Question

The correct option is y = 2(x - 3) + 5, as this equation represents a quadratic function with a vertex at (3, 5) and passing through the point (5, 13).

Apologies for the incorrect response earlier. Let's check the options again to find the correct function:

1) y = (x + 3)² + 5
2) y = -5(x - 3)² + 10
3) y = 2(x - 3) + 5
4) y = 2(x + 3) + 5

To find the correct function, let's substitute the point (5, 13) into the equation and see which one satisfies it:

1) y = (5 + 3)² + 5 = (8)² + 5 = 64 + 5 = 69 (Does not satisfy)
2) y = -5(5 - 3)² + 10 = -5(2)² + 10 = -5(4) + 10 = -20 + 10 = -10 (Does not satisfy)
3) y = 2(5 - 3) + 5 = 2(2) + 5 = 4 + 5 = 9 (Does not satisfy)
4) y = 2(5 + 3) + 5 = 2(8) + 5 = 16 + 5 = 21 (Does not satisfy)

None of the options seem to pass through the point (5, 13) and have a vertex at (3, 5).
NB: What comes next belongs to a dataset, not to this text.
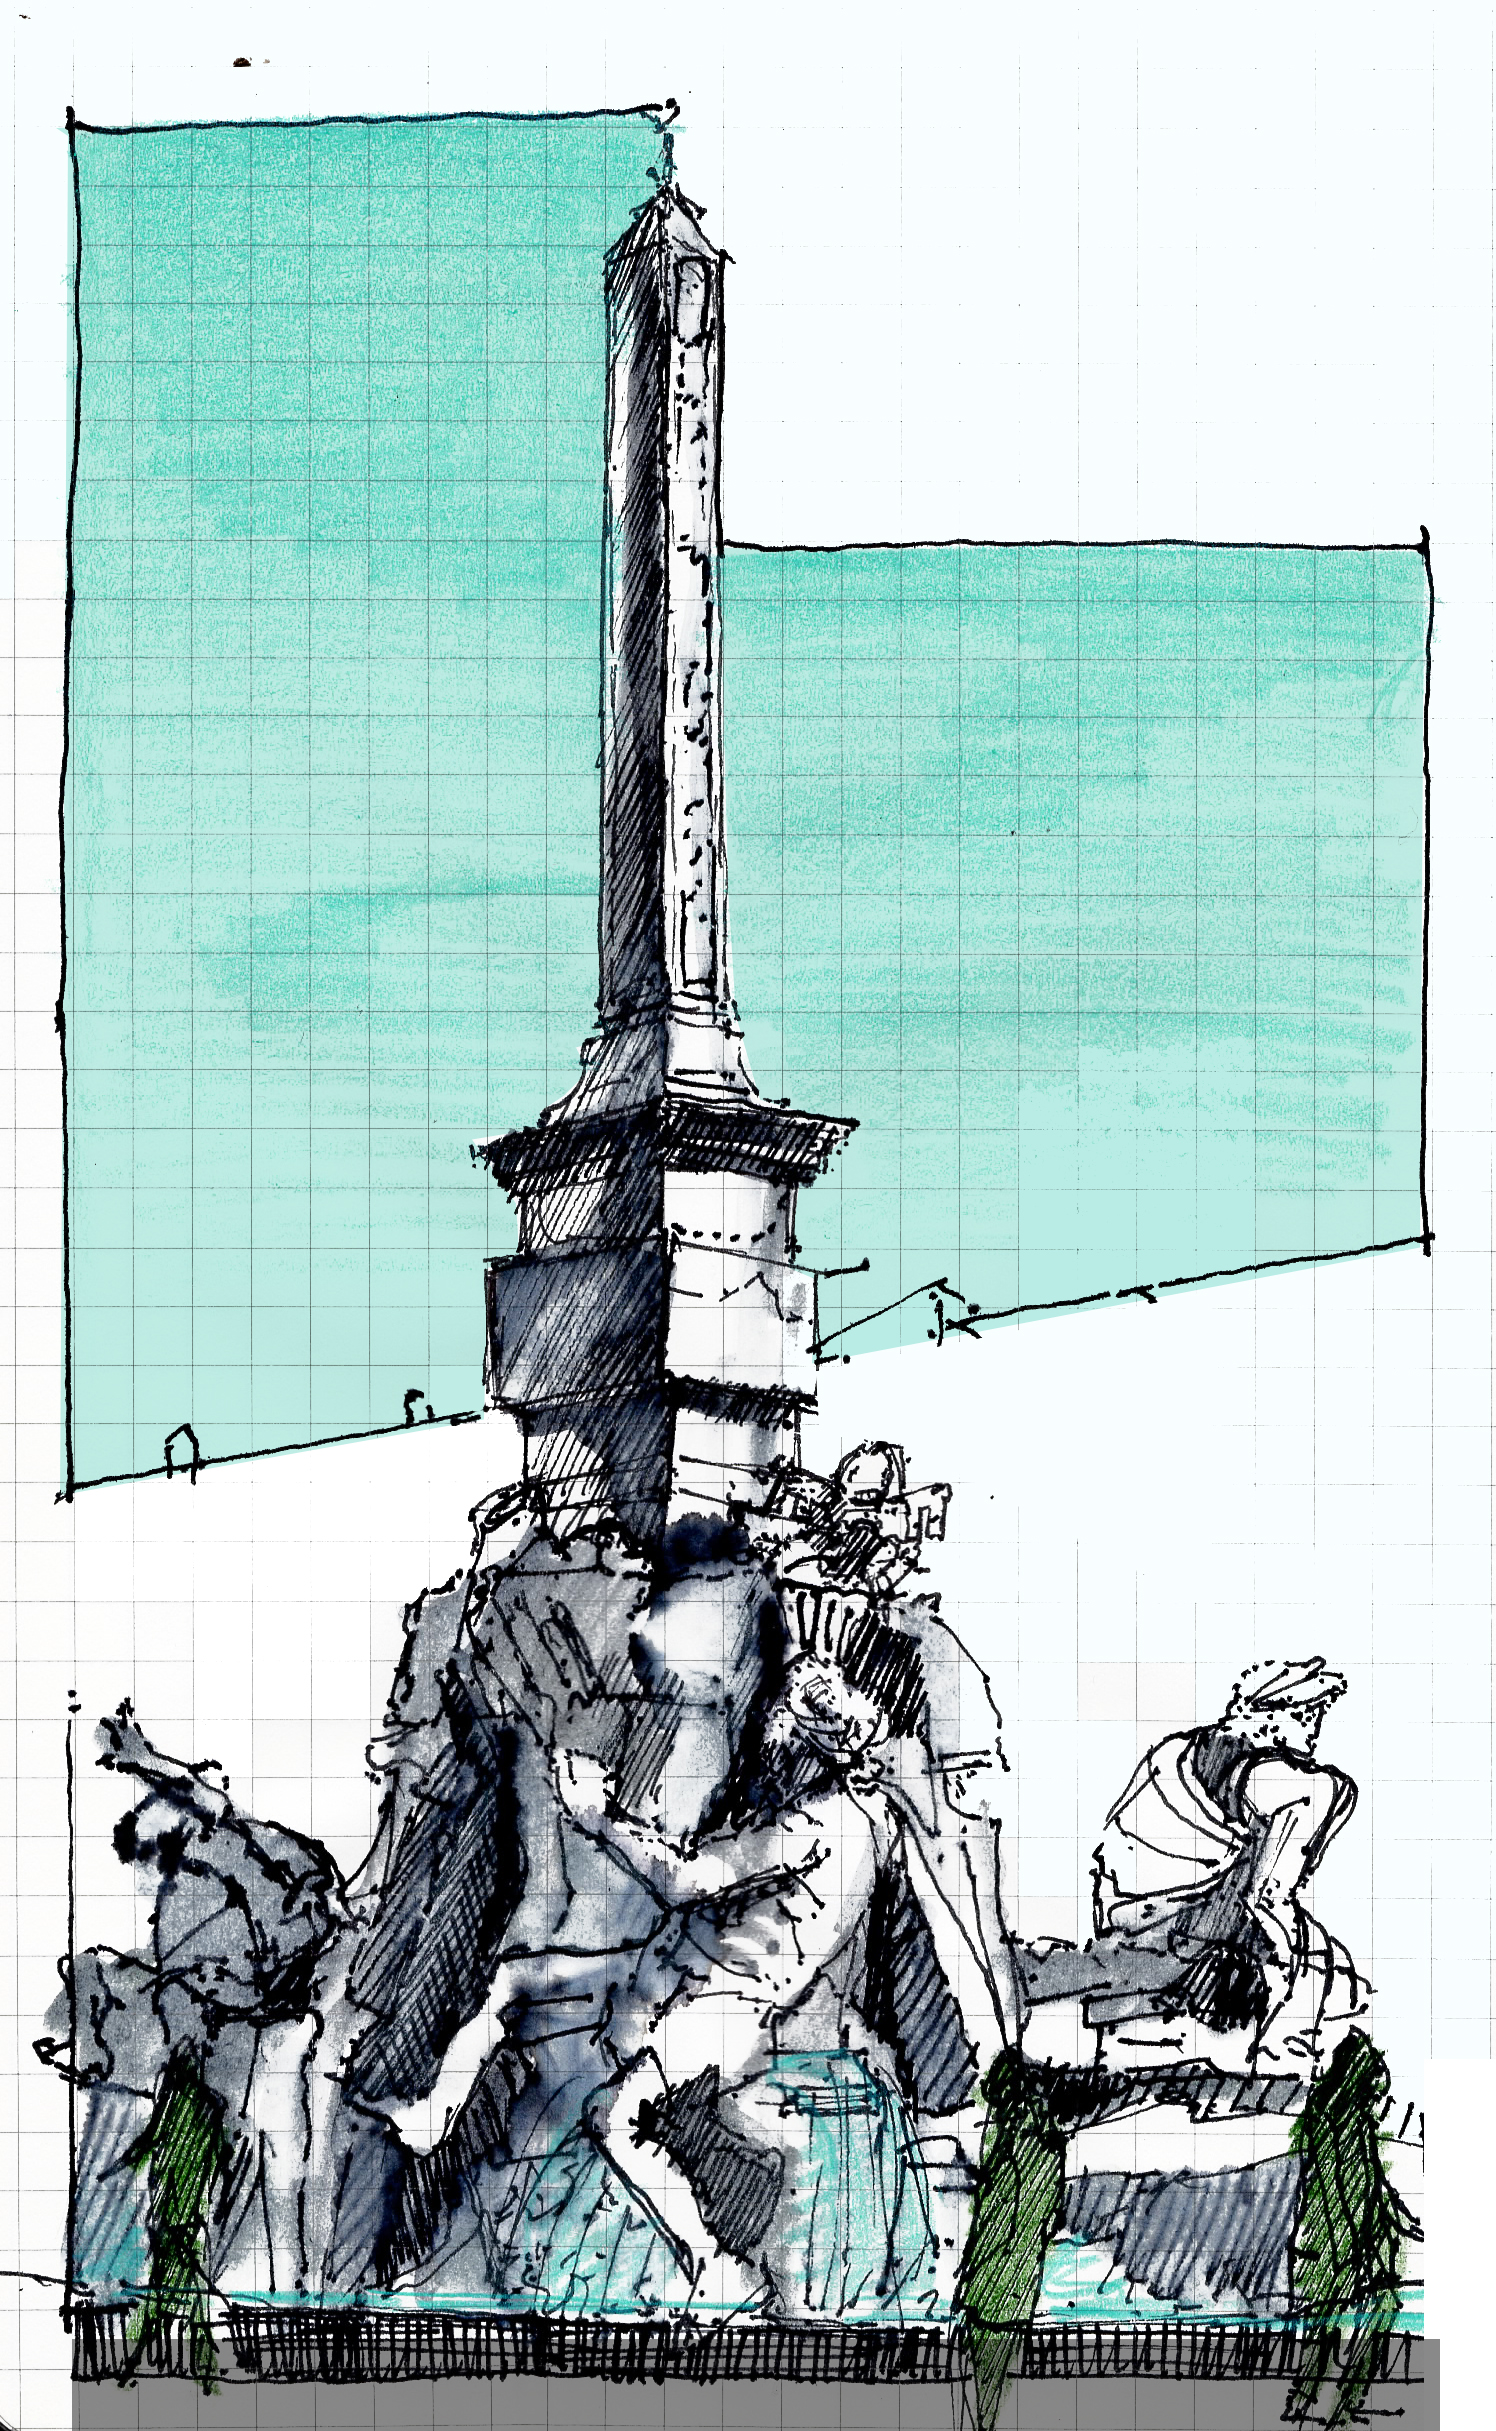 FountainSketch.jpg

Let check the options again and provide the right answer:

1) y = (x - 3)² + 5
2) y = -2(x - 3)² + 5
3) y = 2(x - 3)² + 5
4) y = 2(x + 3) + 5

Upon as careful analysis, the only option that fits the given criteria is y = 2(x - 3)² + 5.

Thank you for confirming the correct answer. The quadratic function y = 2(x - 3)² + 5 has a vertex at (3, 5) and passes through the point (5, 13). It is symmetric about x = 3 and fits the given criteria. If you have any more questions or need further assistance, feel free to ask!